Begg rank correlation method and Egger weighted regression method were performed to assess the publication bias in recessive genetic model. No publication bias evidence was found (Table 2).

Discussion

Based on previous studies, evidence for the association between heart disease and chromosome 9p21 SNP markers had strong credibility. The 9p21 SNP markers have been identified though genome wide association studies and appear independent of traditional risk factors or family history [20, 22, 23]. The associated SNPs were rs1333049 (18 researches, OR = 1.23), rs10757274 (17 researches, OR = 1.24), rs2383207 (6 researches, OR = 1.28), rs2891168 (4 researches, OR = 1.29), rs10757278 (2 researches, OR = 1.27) [2]. In Asian race, rs1333049 (Japan, China), rs10757274 (China), rs10757278 (China) showed an association with the MI [2].

Most data sets are limited to white populations, usually of European descent, so the results for other racial groups might differ. We aim to investigate the association of this locus with CAD in 12 case–control studies of East Asians and undertook a meta-analysis for effect size, heterogeneity, publication bias, and strength of evidence.
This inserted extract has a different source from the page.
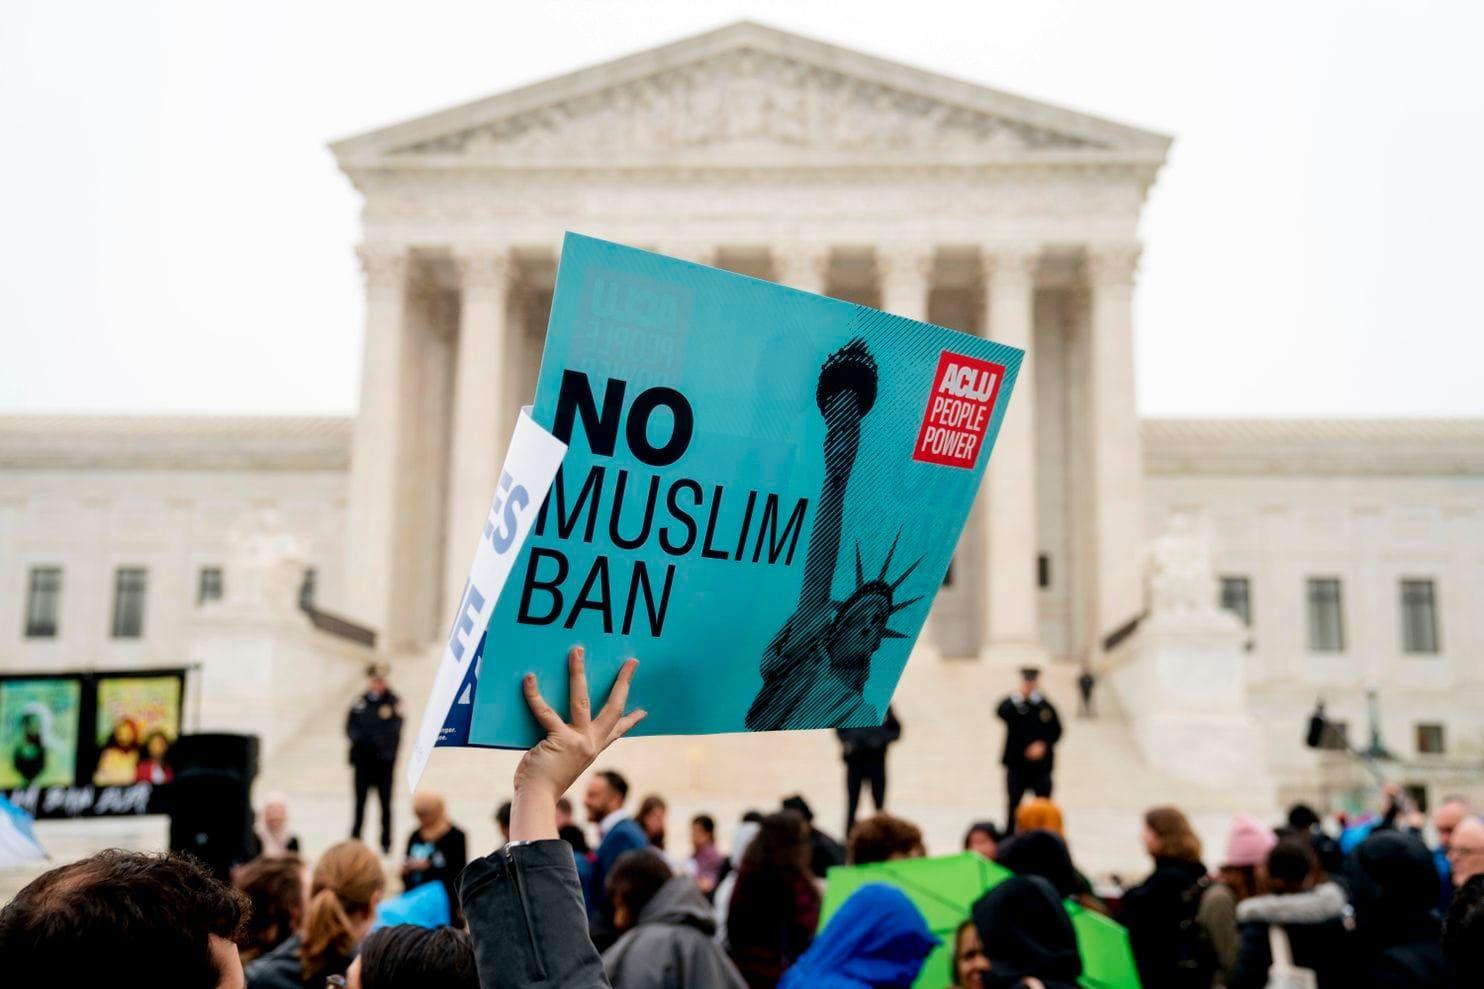 Photo Credit: Andrew Harnik, AP for Washington Post

The SNP rs1333049 was also part of the previous meta-analysis by Schunkert et al. [24, 25]. In that report, the overall OR was 1.29 with a 95 % CI of 1.22–1.37, virtually identical to our current result. In our research, for rs1333049 (8 data sets), we received the similar result that the summary OR was 1.29 (95 % CI, 1.23–1.36, P = 0.001). The OR associated with rs2383206 was 1.24 (95 % CI, 1.18–1.31, P = 0.001). It was lower than rs2383206 analyzed in Europe population (OR = 1.28 (95 % CI, 1.22–1.35, P = 1.64 × 10−20), by Michael Preuss et al.). The OR associated with rs10757278 was 1.34 (95 % CI, 1.21–1.50, P = 0.001). It was higher than rs10757278 analyzed in Europe population (OR = 1.28 (95 % CI, 1.21–1.35, P = 1.64 × 10−20), by Michael Preuss et al.).

HapMap data suggests that rs10757274 and rs2383206 were located within 20 kb of each other on chromosome 9p21 and were in strong linkage disequilibrium (r 2 = 0.89) in North American population [5], and the five SNPs (rs2383206, rs2383207, rs10757274, rs10757278, and rs1333049) are in 1 block, and the D’ between each of the 5 SNPs was 1.0 in Chinese Han origin [13]. In our study, we identified one haploblock in the 9p21 region (rs10757274, rs2383206, rs10757278, and rs1333049) in Chinese population, and it’s similar to previous North American population study. On the basis of the stringent analysis of these SNPs and replication in our research, we are confident that 9p21 region is a strong candidate locus for CAD susceptibility in the Chinese population. Figure 5 shows the results of haplotype analysis for the SNPs examined. And then we calculated possible haplotype frequency of 8 loci in 9p21, using haploview and SAS software. Using the genotypes of 1,185 persons, we defined the haploblock structure of SNPs within the region of 9p21 in the Chinese population. By defining a solid spine of LD as D′ > 0.90, we identified one haploblock in the 9p21 region.

Fig. 5
figure 5

Pair-wise LD among eight SNPs in 9p21 in the China population. The numbers inside the squares are D′ × 100

The region of chromosome 9p21 contained the coding sequences of gene for 2 cyclin-dependent kinase inhibitors, CDKN2A and CDKN2B, which played an important role in the regulation of the cell cycle and would be implicated, through their role in transforming growth factor (TGF)-β-induced growth inhibition, in the pathogenesis of atherosclerosis [13, 2628]. Given the strong implication of this genomic region in CHD, the exact molecular mechanism of its involvement remains to be confirmed. McPherson et al. [7] resequenced the coding regions of the 2 genes most proximal to the risk locus and found no explanation of the CHD risk associated with this locus. However, the same region has recently been associated with increased susceptibility to type 2 diabetes [29, 30]. These results suggest that the region of 9p21 plays a role in multiple complex diseases. Further studies should focus on the identification of the underlying mechanism at this locus of CHD. In addition, the interactions between gender, smoking, and overweight with these SNPs need to be replicated in other populations.